A Milliplex© human cytokine/chemokine panel (Cat: EPX090-12187-901; Merck Millipore, Massachusetts, USA) was used to measure plasma levels of immunological molecules on days 0, 2, 7, and 28 post-vaccination. Samples and standards were incubated with fluorescent-coded magnetic beads that had been precoated with the respective capture antibodies. After overnight incubation at 4°C with shaking, the plates were washed twice with the provided wash buffer. Biotinylated detection antibodies were incubated with the complex for 1 h and Streptavidin-PE was subsequently added for a further 30-min incubation. The plates were washed twice before the beads were re-suspended in sheath fluid and read as PCR plates by the Luminex analyzer, FLEXMAP© 3D (Merck Millipore, Massachusetts, USA). The data were acquired using xPONENT© 4.0 (Luminex©, Texas, USA) acquisition software and analyzed with Bio-Plex Manager 6.1.1© (Bio-Rad, California, USA). Standard curves were generated, and a five-parameter logistic algorithm was used to estimate the MFI and concentration values.

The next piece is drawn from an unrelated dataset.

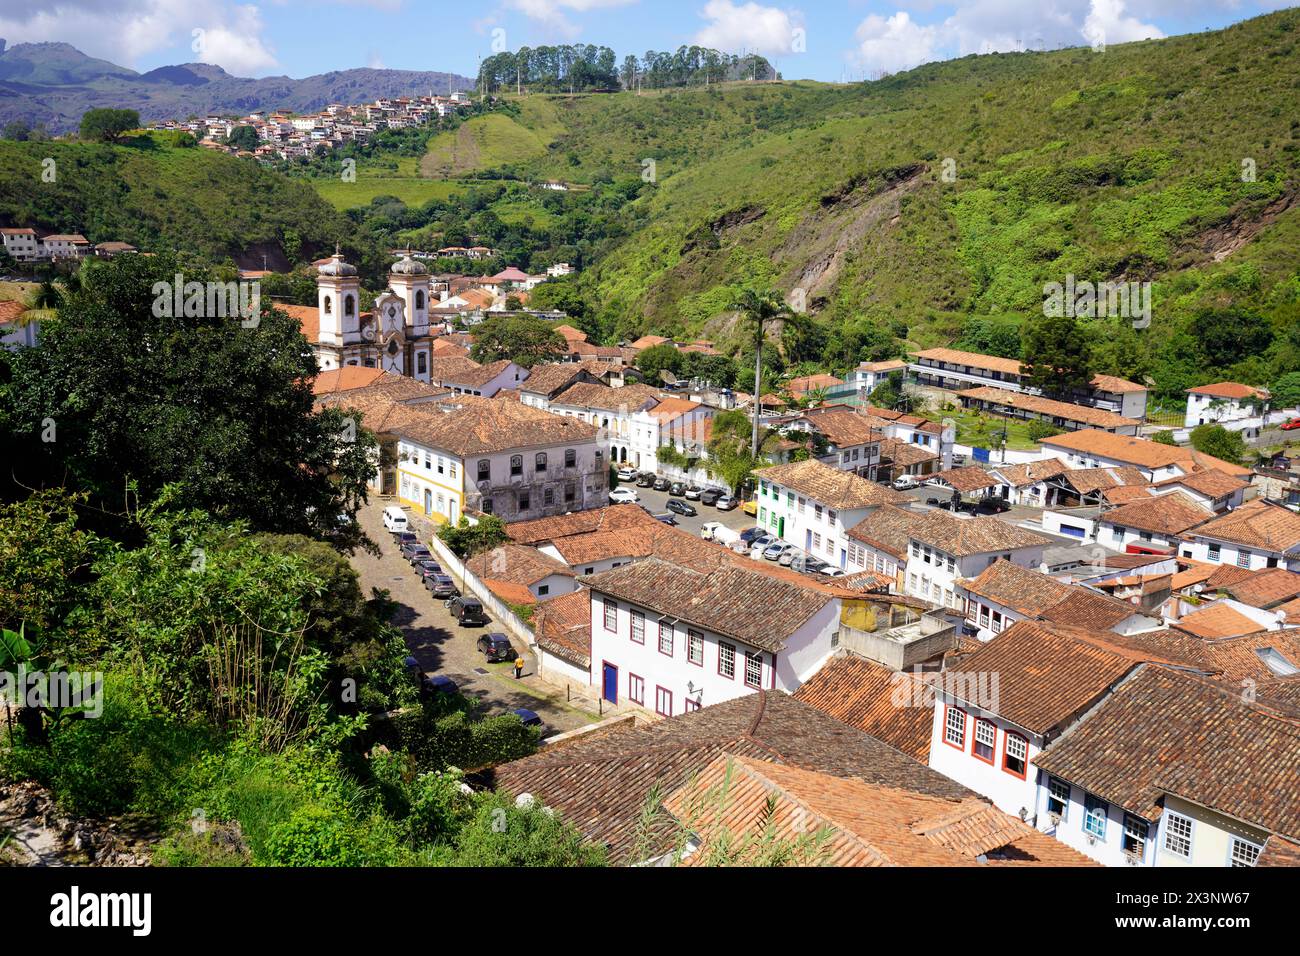 Ouro Preto, città storica patrimonio dell'umanità dell'UNESCO nello stato di Minas Gerais, Brasile. Vista panoramica dalla terrazza. Foto Stock
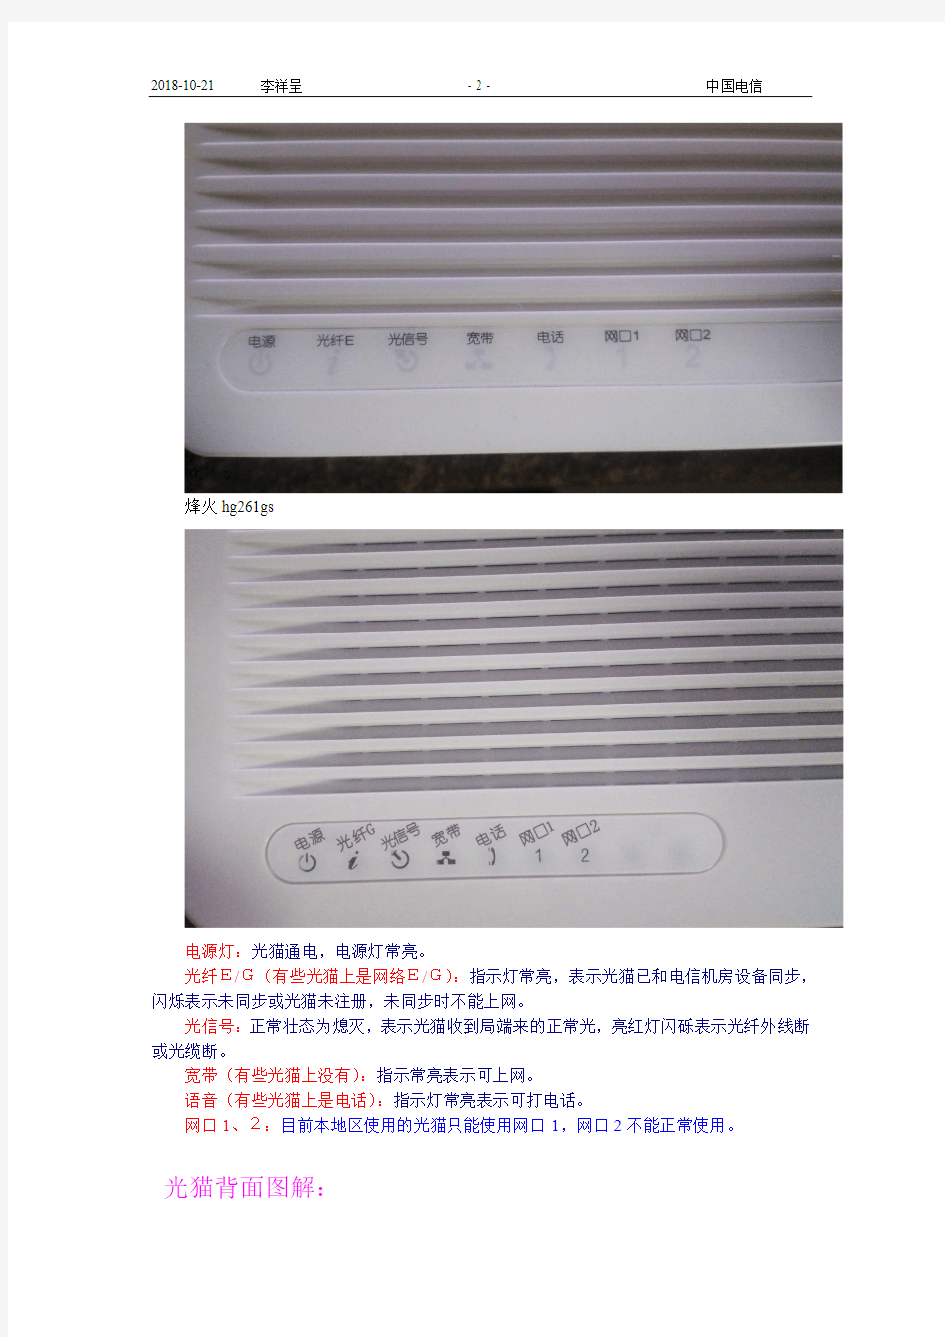 中国电信光纤宽带(障碍)用户自助处理手册 李祥呈资料

TLR stimulation, cytokine measurement and immunophenotyping

PBMCs were quick-thawed at 37°C and transferred to warm RPMI with 10% FBS. Cell count and viability were calculated using 0.04% trypan blue (cat: 15250061, Thermo Fisher) diluted with 1X PBS. TLR stimulation was performed on 500,000 cells. The conditions used for TLR stimulation are listed in the key resources table. 500,000 PBMCs per sample were seeded evenly into 10 wells in a 384-well flat bottom plate in media consisting of 1X Glutamax (cat: 35050061, Thermo Fisher), 1X NEAA (cat: 11140050, Thermo Fisher), 1X sodium pyruvate (cat: 11360070, Thermo Fisher), 1X penicillin/streptomycin (cat: 15140122, Thermo Fisher) and 5% AB human serum (cat: H4522, Sigma Aldrich) in RPMI without L-glutamine (cat: 21870092, Thermo Fisher). The respective stimulation ligands were added to make up a final volume of 50uL per well and incubated in a humidified incubator at 37°C with 5% CO2 for 24 hours. After incubation, the plate was centrifuged at 400g for 5 minutes at 4°C and 40uL of supernatant were transferred into a new 96-well round bottom plate and stored at −80°C for downstream analysis. The MILLIPLEX© MAP Human Cytokine/Chemokine Magnetic Bead Panel - Immunology Multiplex Assay was used to measure 12 analytes (G-CSF, IFN-alpha 2, IFN-gamma, IL-10, IL-1a, IL-1b, IL-12p40, IL-6, IP-10, MIP-1a, MIP-1b, TNF-a) in the stored supernatant.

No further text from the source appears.